Barnes has applied the same hustle he learned on the ice to his budding career, investing huge amounts of time and energy in building relationships with players as young as 14, and more importantly at that age, their families. Successful agents establish trust over a period of years and require a lot of patience while young players develop and eventually, if all works out, get drafted and sign pro contracts.

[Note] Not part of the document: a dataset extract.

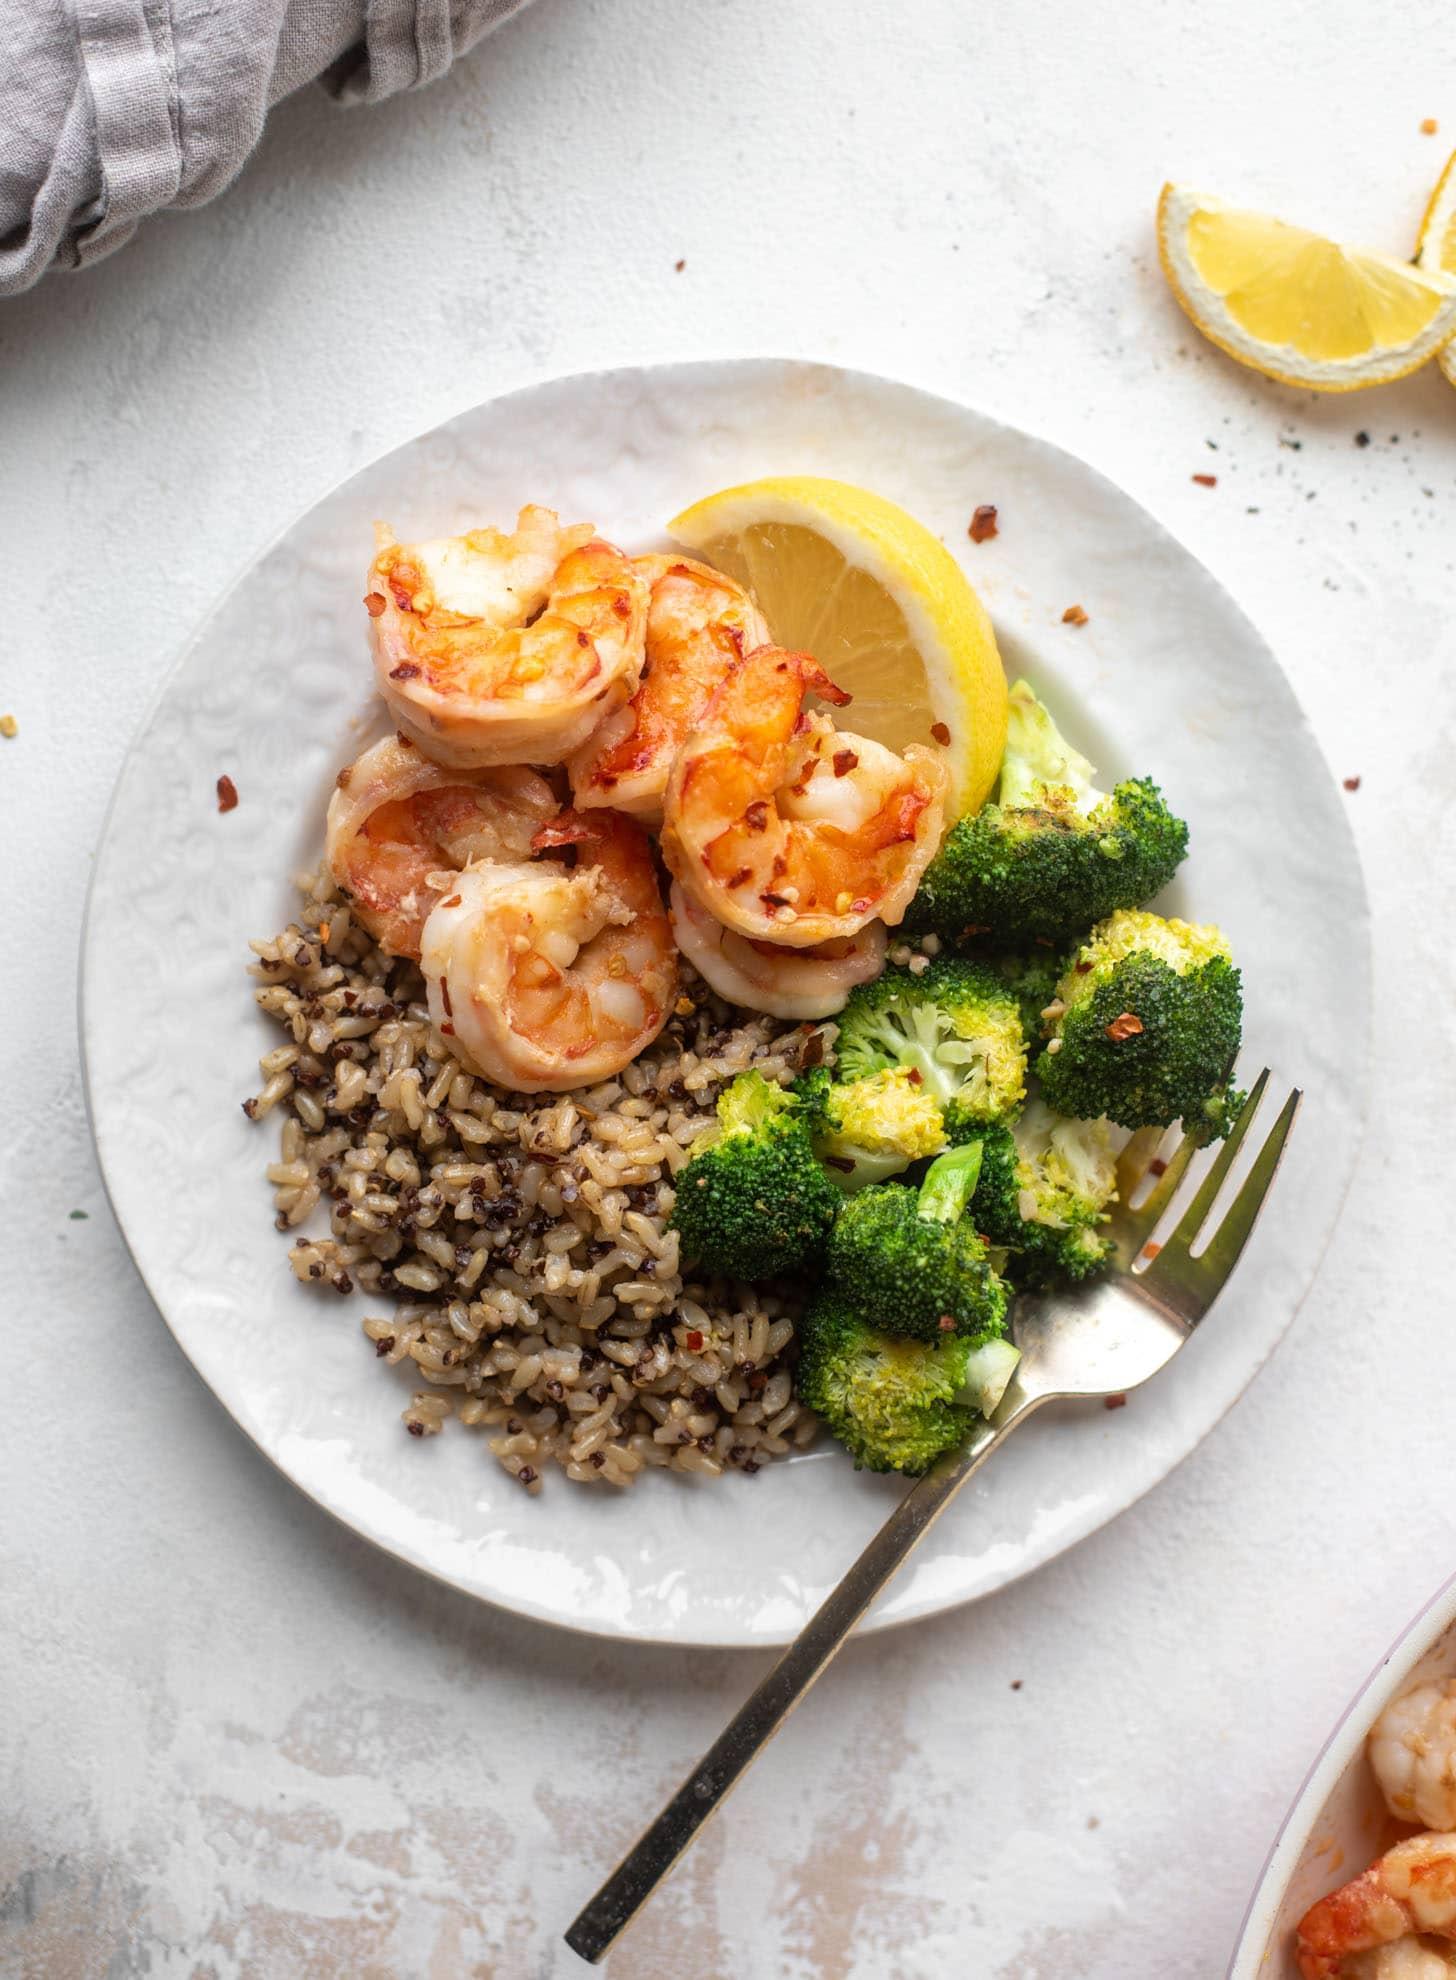 lemon butter shrimp and broccoli with quinoa

But there’s a lot more to the process than most people realize. Ritch Winter, BHI co-founder and one of the NHL’s elite agents, explains: “It’s more than negotiating contracts.” Knowing about international tax regimes, marketing, talent evaluation and other aspects of the business will take Barnes beyond the “on-the-job” education most agents carry. Winter says great players like Marian Hossa and Mark Giordano (both are his clients) “are constantly working to get better…likewise for an agent.”
The added legitimacy his Hockey MBA affords, when combined with his work ethic and his authentic personality, will position Brett Barnes to be a leader in his field. “A lot of players come from affluent backgrounds,” Barnes observes, “and an MBA grad comes across with more credibility.”